They contain both information about the name of the collection and information about the taxonomic group to which the plant in the image belongs.
df_w_year_author.at[0, 'taxonomic_group']
'Digitale Samlinger: Digitale Samlinger: Billeder:Særudgivelser:Flora Danica:Taxonomisk gruppe:Karplanter'
Extract the relevant information and add it to a new column#
The actual information about taxonomy would be “Karplanter” (Vascular plants), while the rest of the text string can be considered noise.
The following section extracts the relevant data and adds it to a new column.
# Access a single value
S = df_w_year_author.at[0, 'taxonomic_group']
# Split on ':' and take the last element of the list (the information we actually want)
group_val = S.split(':')[-1]
group_val
'Karplanter'
A function is written and used to get the data and add it to a new column. When inspecting the dataset, it appears that most plants belong to the taxonomy group “Karplanter” (Vascular plants).
def get_taxonomy_data(S):
group_val = S.split(':')[-1]
return group_val
df_w_year_author['taxonomic_group_st'] = df_w_year_author['taxonomic_group'].apply(lambda x:get_taxonomy_data(x))

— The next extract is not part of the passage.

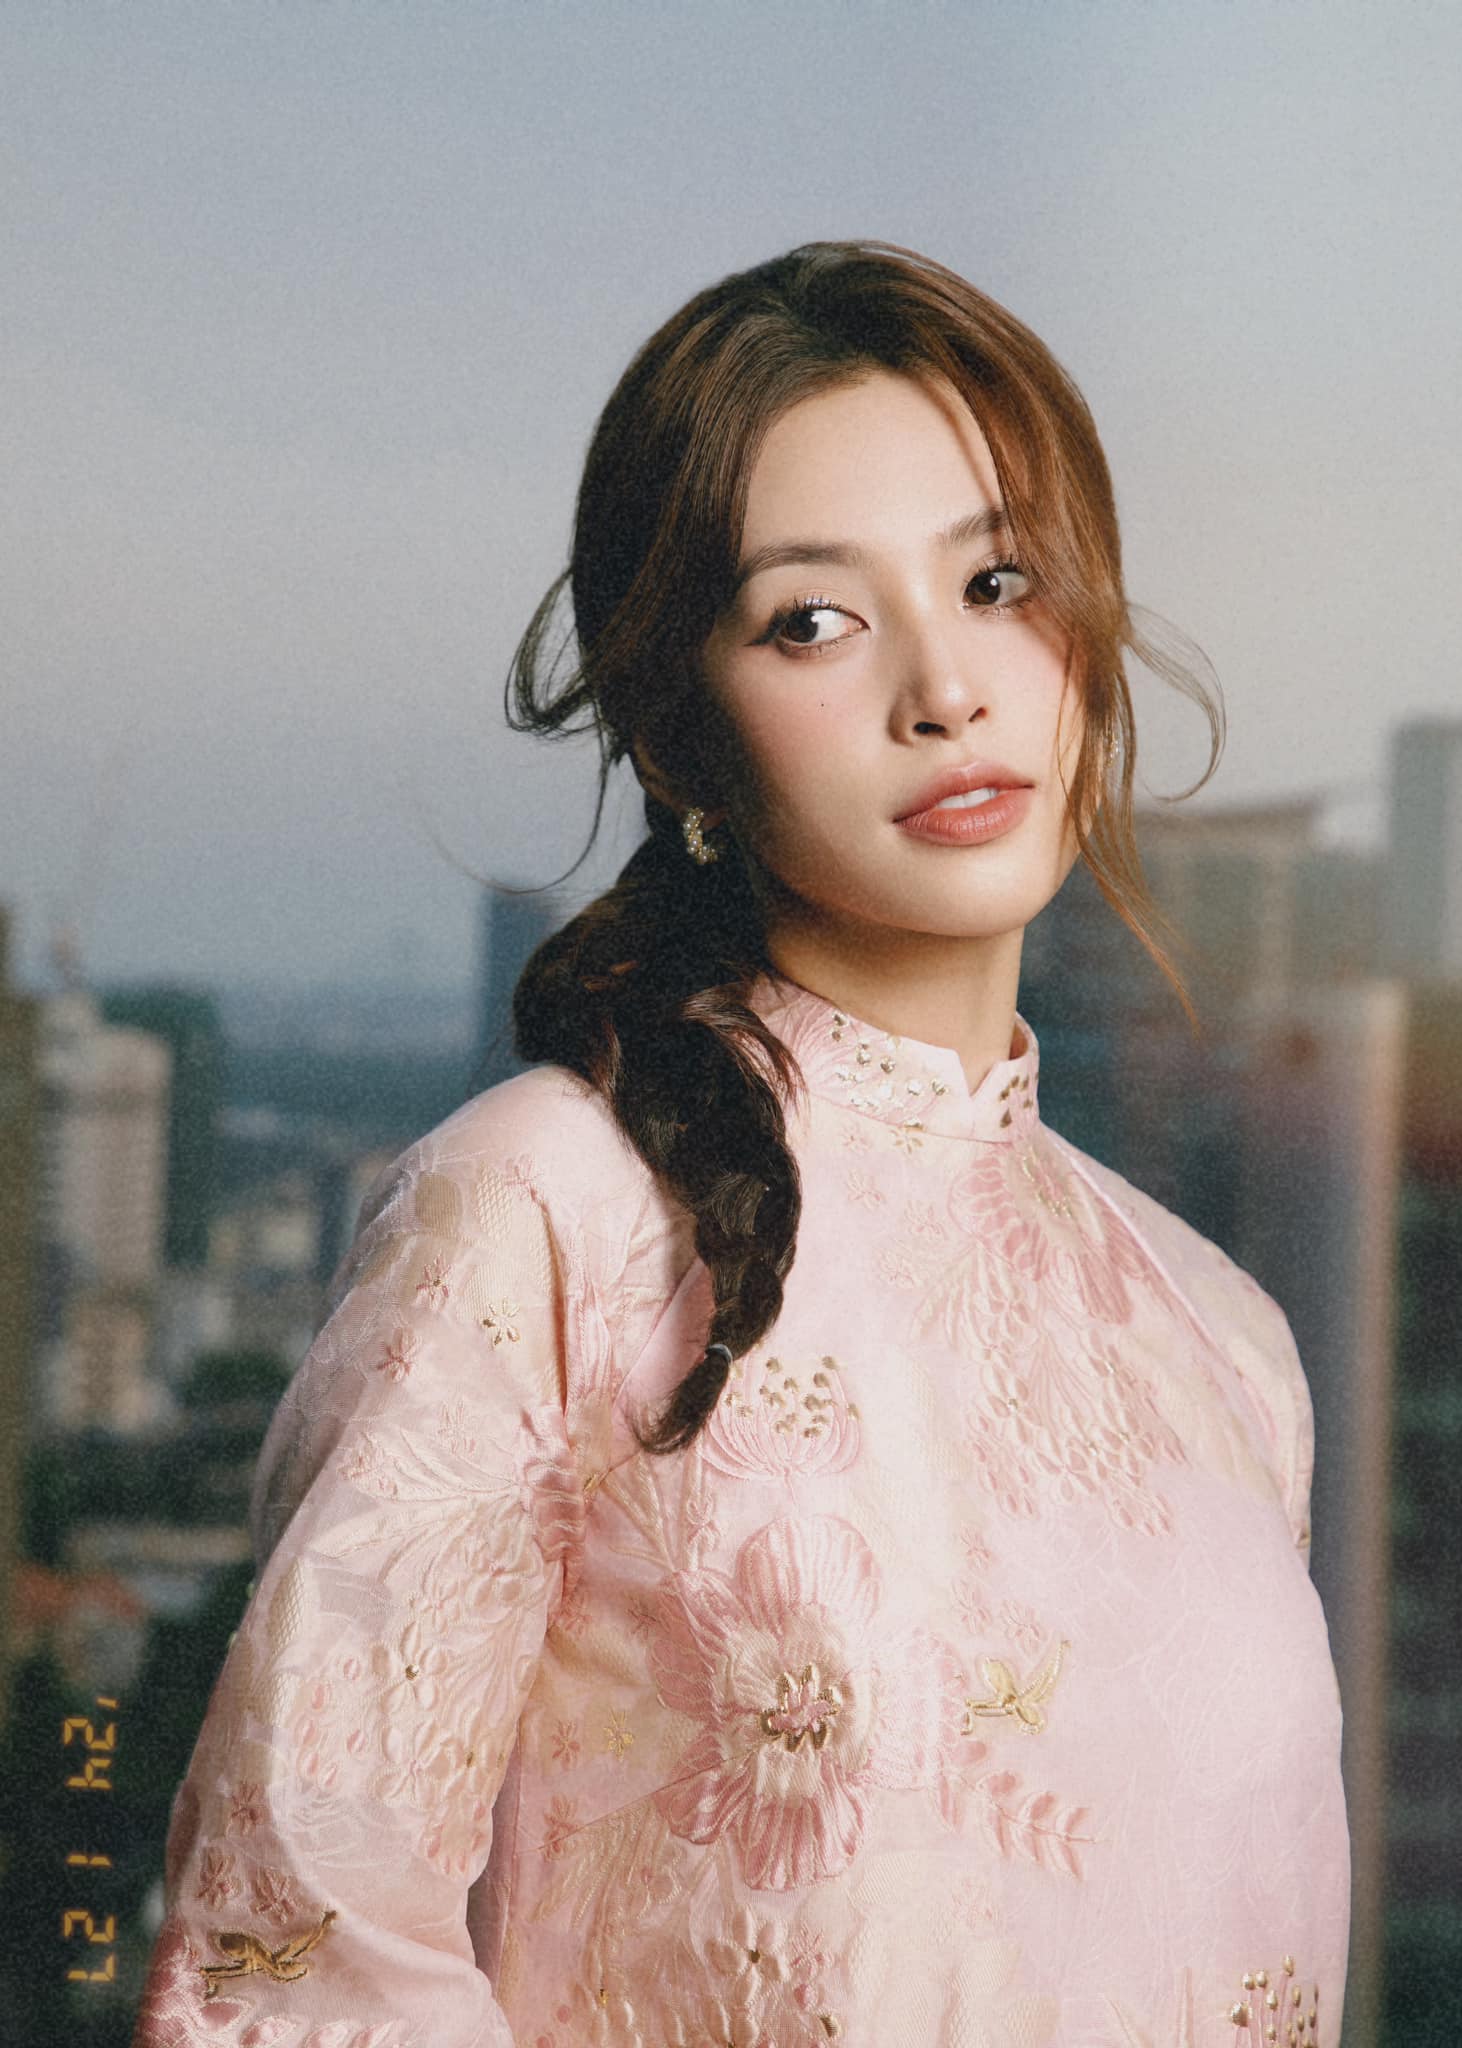 Hoa hậu Tiểu Vy sinh năm 2000 nổi tiếng trong showbiz Việt

# Inspect data in the new column
print (df_w_year_author['taxonomic_group_st'].value_counts())
taxonomic_group_st
Karplanter 2073
Svampe 391
Mosser 331
Alger 228
Laver 163
Slimsvampe 39
Ukendt 15
Taxonomisk gruppe 1
Lave 1
Name: count, dtype: int64
Column copyright: modify text string#
The values in the “copyright” column are all the same. They consist of a text string that says “Materialet er fri af ophavsret” (The material is free of copyright).
The text is changed to the shorter “free”.

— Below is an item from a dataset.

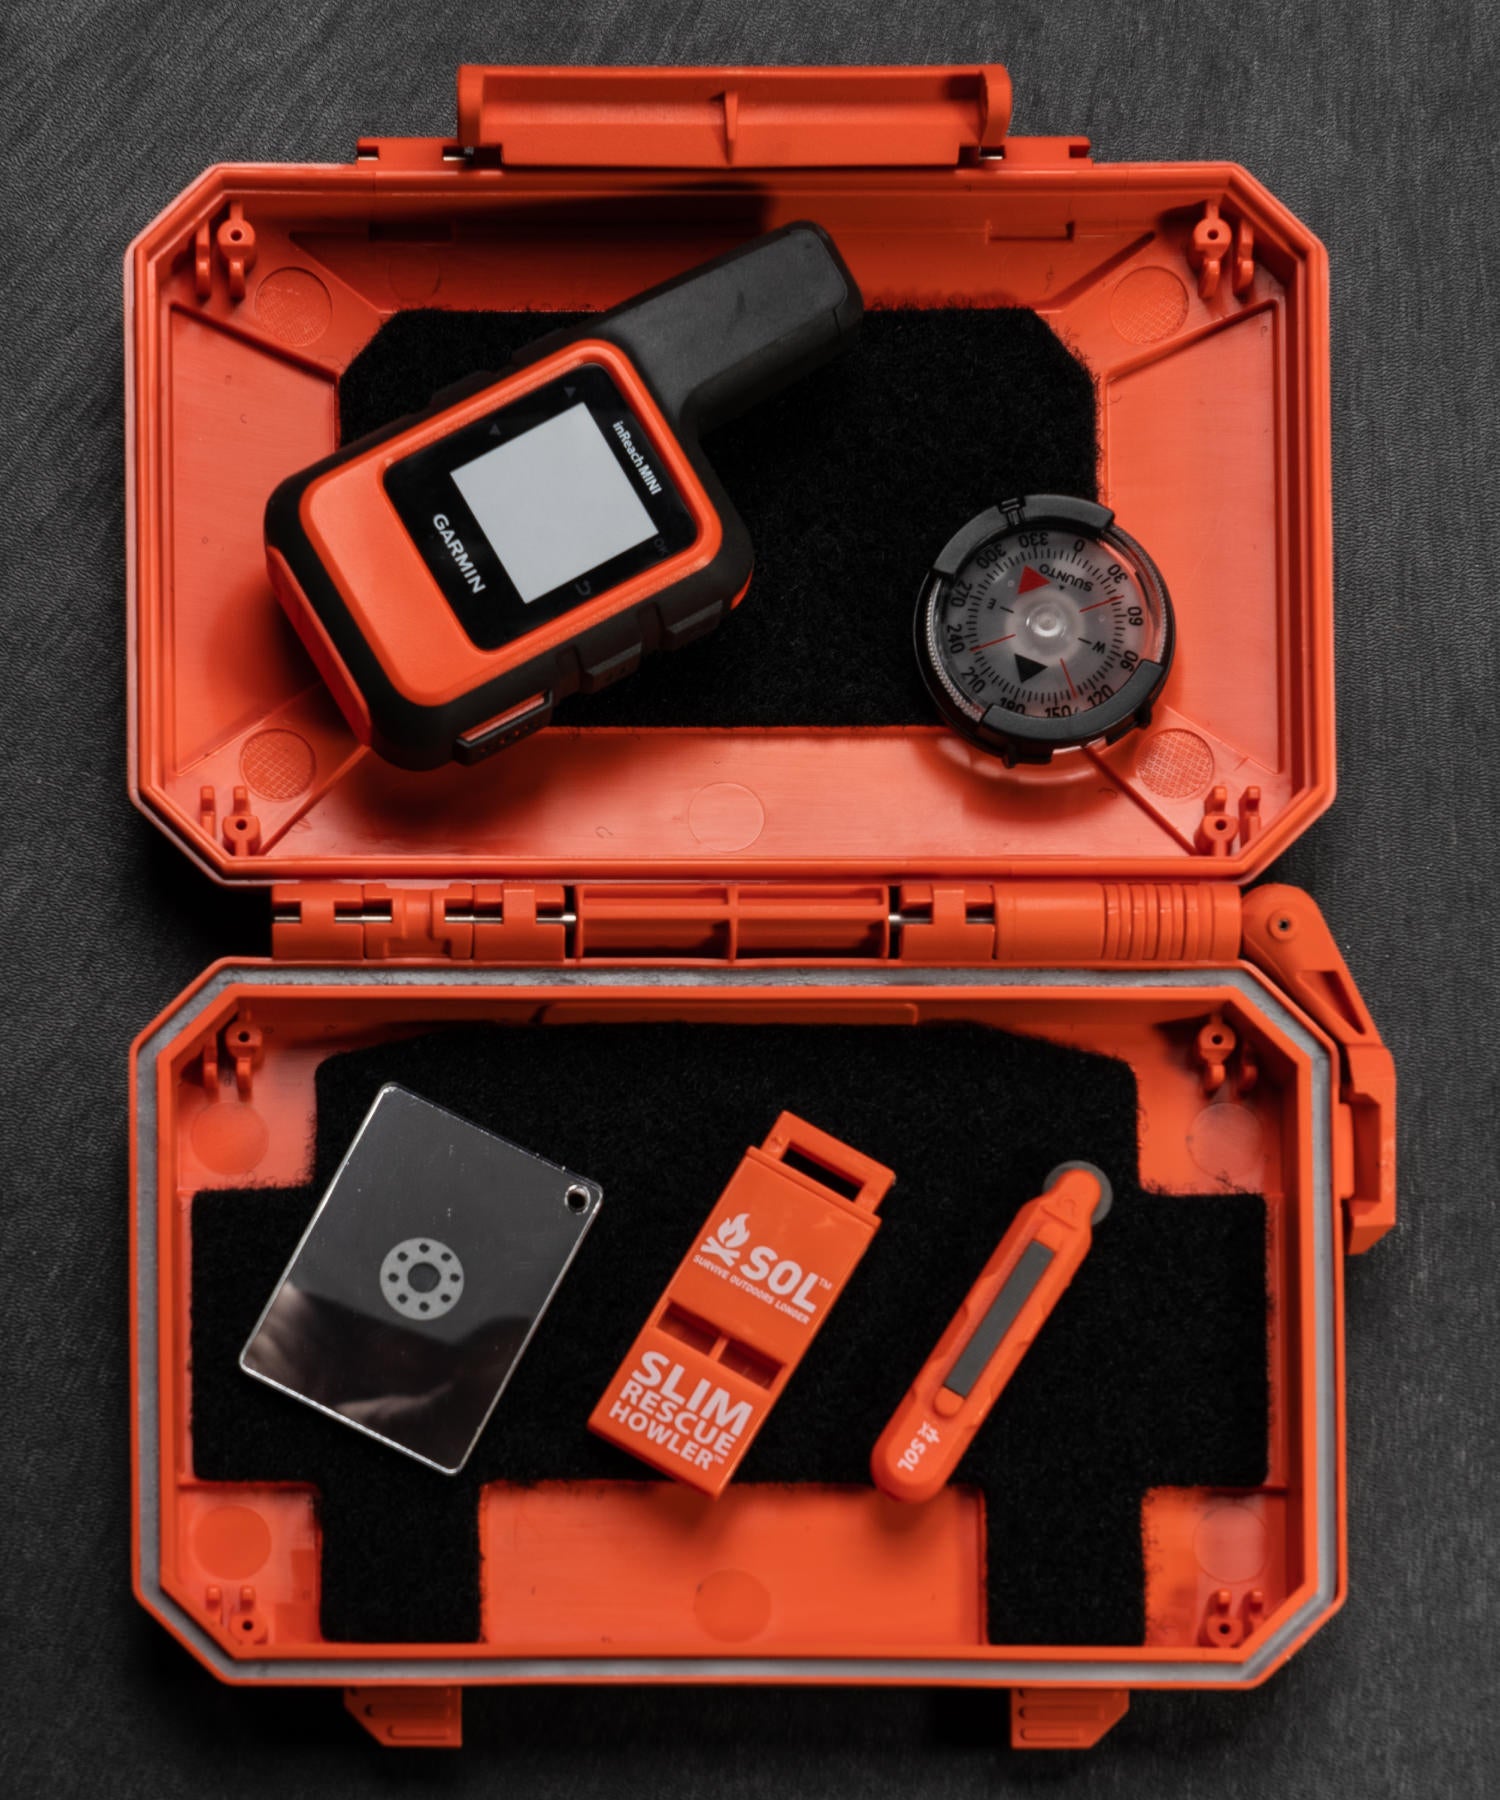 Thyrm DarkVault arancione usato come kit di emergenza con fischietto, acciarino, bussola e garmin in reach

print (df_w_year_author.at[0, 'copyright'])
text_string = df_w_year_author.at[0, 'copyright']
new_text_string = text_string.replace('Materialet er fri af ophavsret', 'free')
print (new_text_string)
Materialet er fri af ophavsret
free
def clean_copyright(S):
new_text_string = S.replace('Materialet er fri af ophavsret', 'free')
return new_text_string
df_w_year_author['copyright'] = df_w_year_author['copyright'].apply(lambda x : clean_copyright(x))
Column name: note#
The values in the dataset’s other columns also have multiple values in other columns. For example in the ‘note’ column.
The following section examines the values in the first row of this column.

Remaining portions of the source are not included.